On Tuesday, the EV truck-maker, which parked itself in the national spotlight by setting up shop in a closed General Motors factory in Rustbelt, USA, filed for bankruptcy amid an ongoing legal fight with investment partner Foxconn.
Foxconn Job 2: Electric Boogaloo
Lordstown is either a textbook case of corporate hubris in the low-interest rate era or a victim of Murphy’s Law. Or was it brought down, as the company maintains, by fraud perpetrated by Taiwanese electronics manufacturing giant Foxconn, which now has a bit of a track record of over-promising and under-delivering in small American towns? Let’s back up and start at the beginning.
In November 2019, Lordstown Motors, still more of a concept than a functioning company, agreed to buy a shuttering 6-million-square-foot plant from GM in Lordstown, Ohio for $20 million (mostly financed via GM loans). In October 2020, the company went public via a SPAC merger at a $1.6 billion valuation, raising $675 million in the process, or, per founder/CEO Steve Burns, “more than enough funding to get us through initial production” of the 100,000 truck preorders it claimed to already have. That was enough to rocket its market cap all the way up to $5 billion in February 2021. Then came a hype-busting Hindenburg Research report in March 2021, and the ultimate resignation of Burns and his CFO.
All the while, the company never kicked production into gear. A prototype infamously went up in flames. By September 2021, the company sold the plant to Foxconn for $230 million and another $50 million worth of shares, contracting manufacturing to Foxconn in the process. But what once looked like a lifeline turned out to be fool’s gold:
- Foxconn couldn’t figure manufacturing out either, building just 31 trucks in 2022, and delivering just three in this year’s first quarter, with Lordstown reporting $189,000 in revenue along with $171 million in losses. Ouch.
- In November 2022, Foxconn agreed to a $170 million investment in Lordstown via rounds of share purchases to occur across several months. But when a second round of scheduled share purchases, worth nearly $50 million, came in April, Foxconn balked — claiming Lordstown violated the investment agreement when its share price fell below $1, down from over $400 at its market debut.
Filing Cabinet: In addition to filing for bankruptcy on Tuesday, Lordstown said it is also filing a lawsuit against Foxconn, alleging the manufacturer’s moves “had the intended effect of destroying the business of an American start-up.”
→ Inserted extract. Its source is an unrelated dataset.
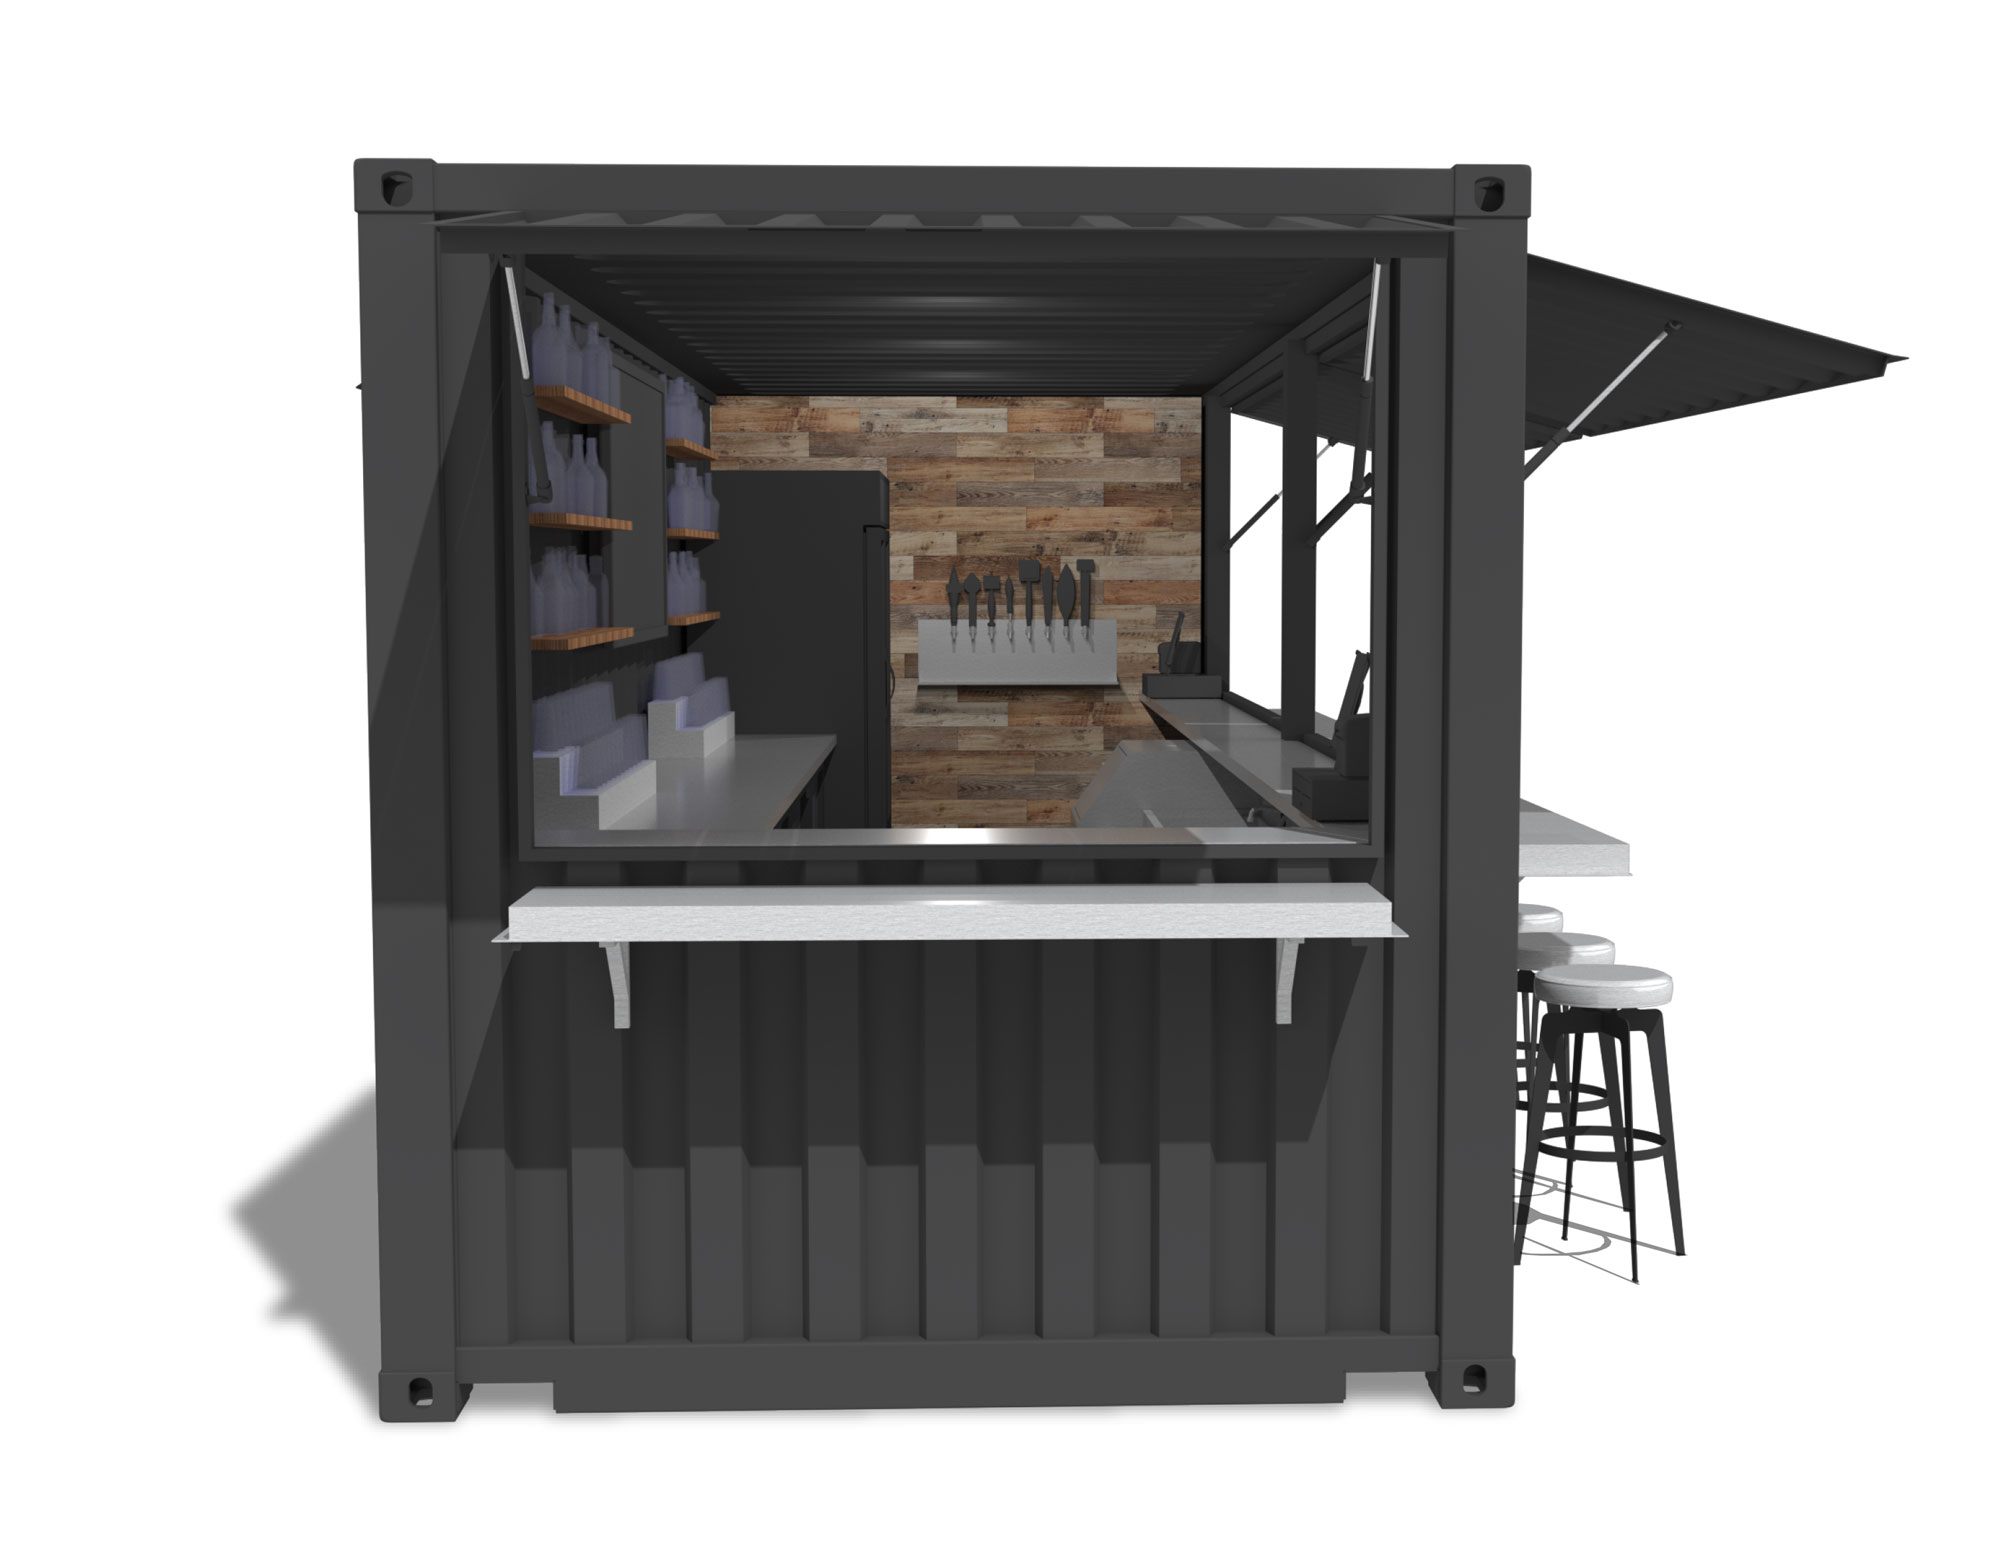 ROXBOX Containers Shipping Container Bar
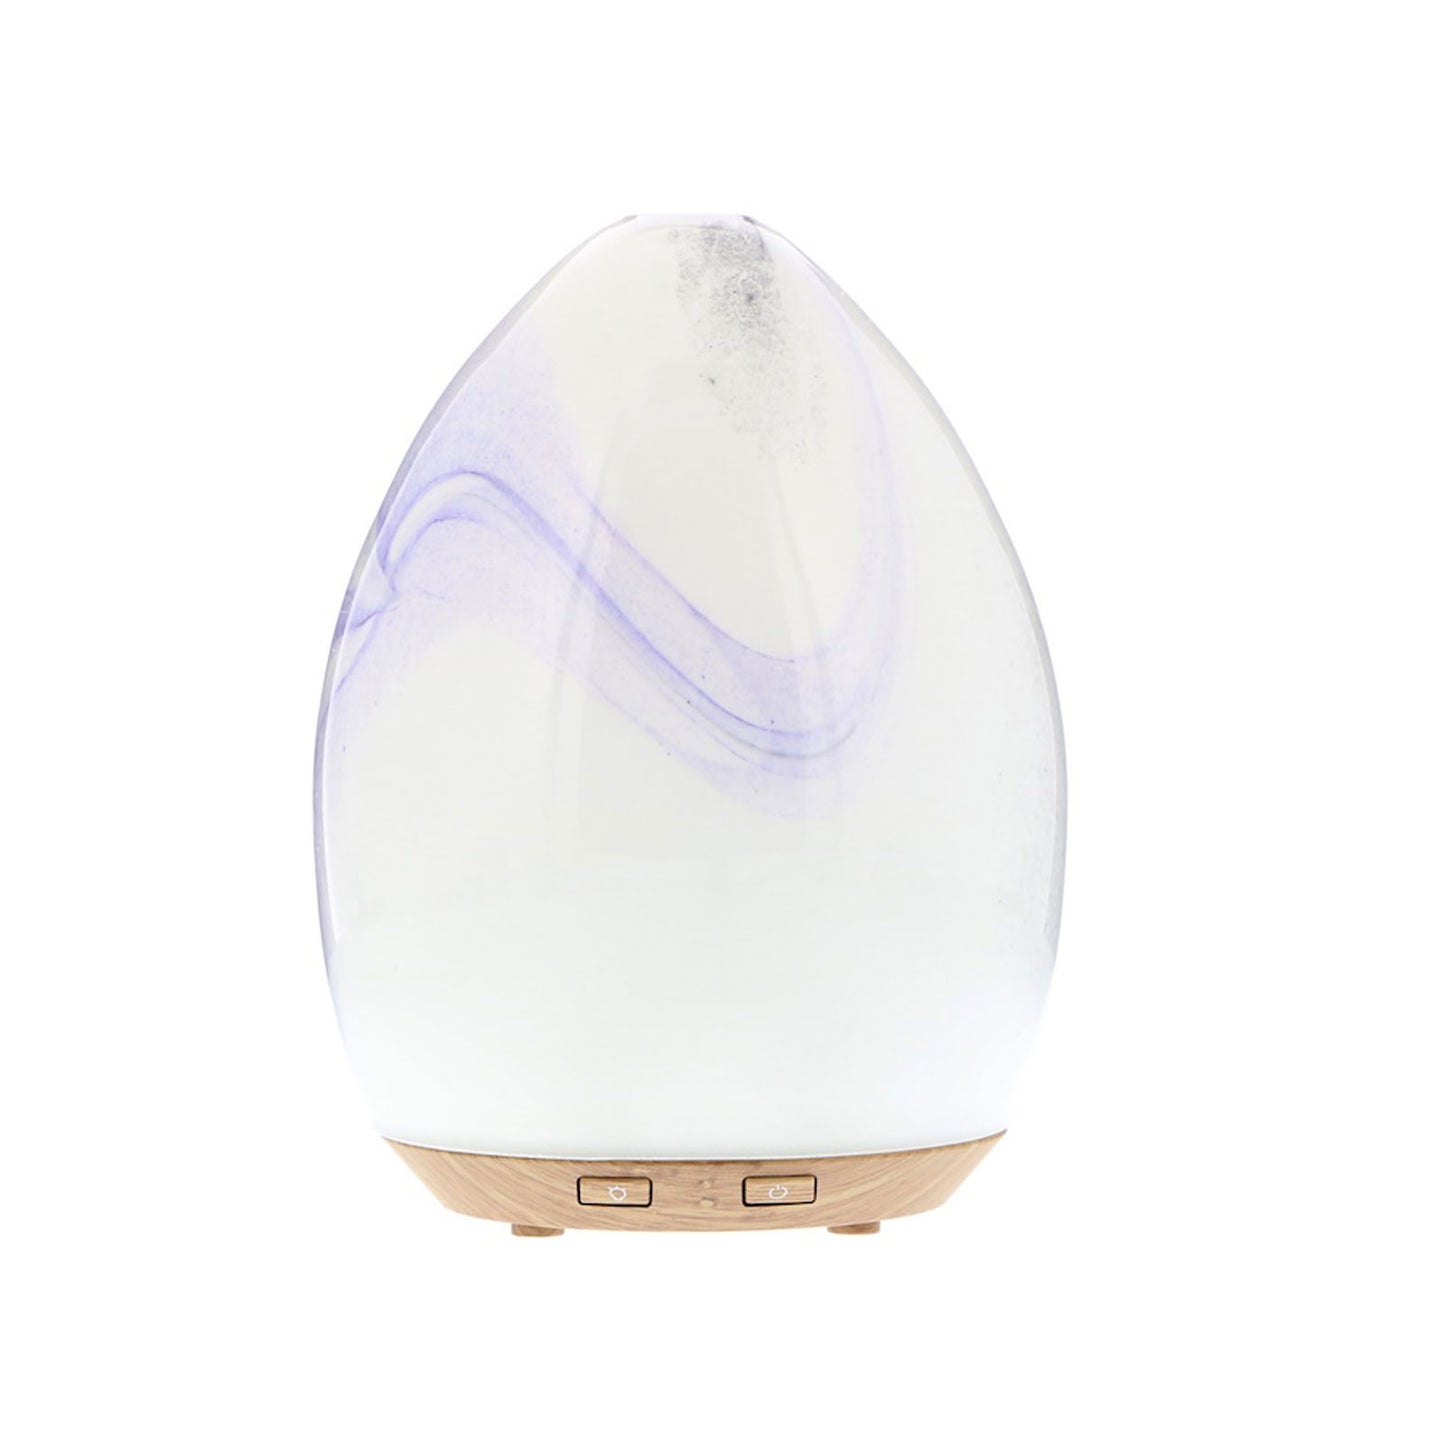 NOW Essential Oils, Ultrasonic USB Glass Swirl Aromatherapy Oil Diffuser, Extremely Quiet, Heat Free and Easy to Clean, Color Changing LED Diffuser - Bloom Concept

No Contest: If it’s any consolation to Lordstown, it’s tough all over for EV makers. In China, the number of EV manufacturers has plummeted to around just 100 from 500 in 2019, with that number expected to shrink further, according to a Bloomberg report earlier this week. Lordstown’s woes almost mirror that of similar startups in the domestic market, like Rivian, Nikola, and Lucid. It’s no wonder Elon Musk once called car factories “gigantic money furnaces.”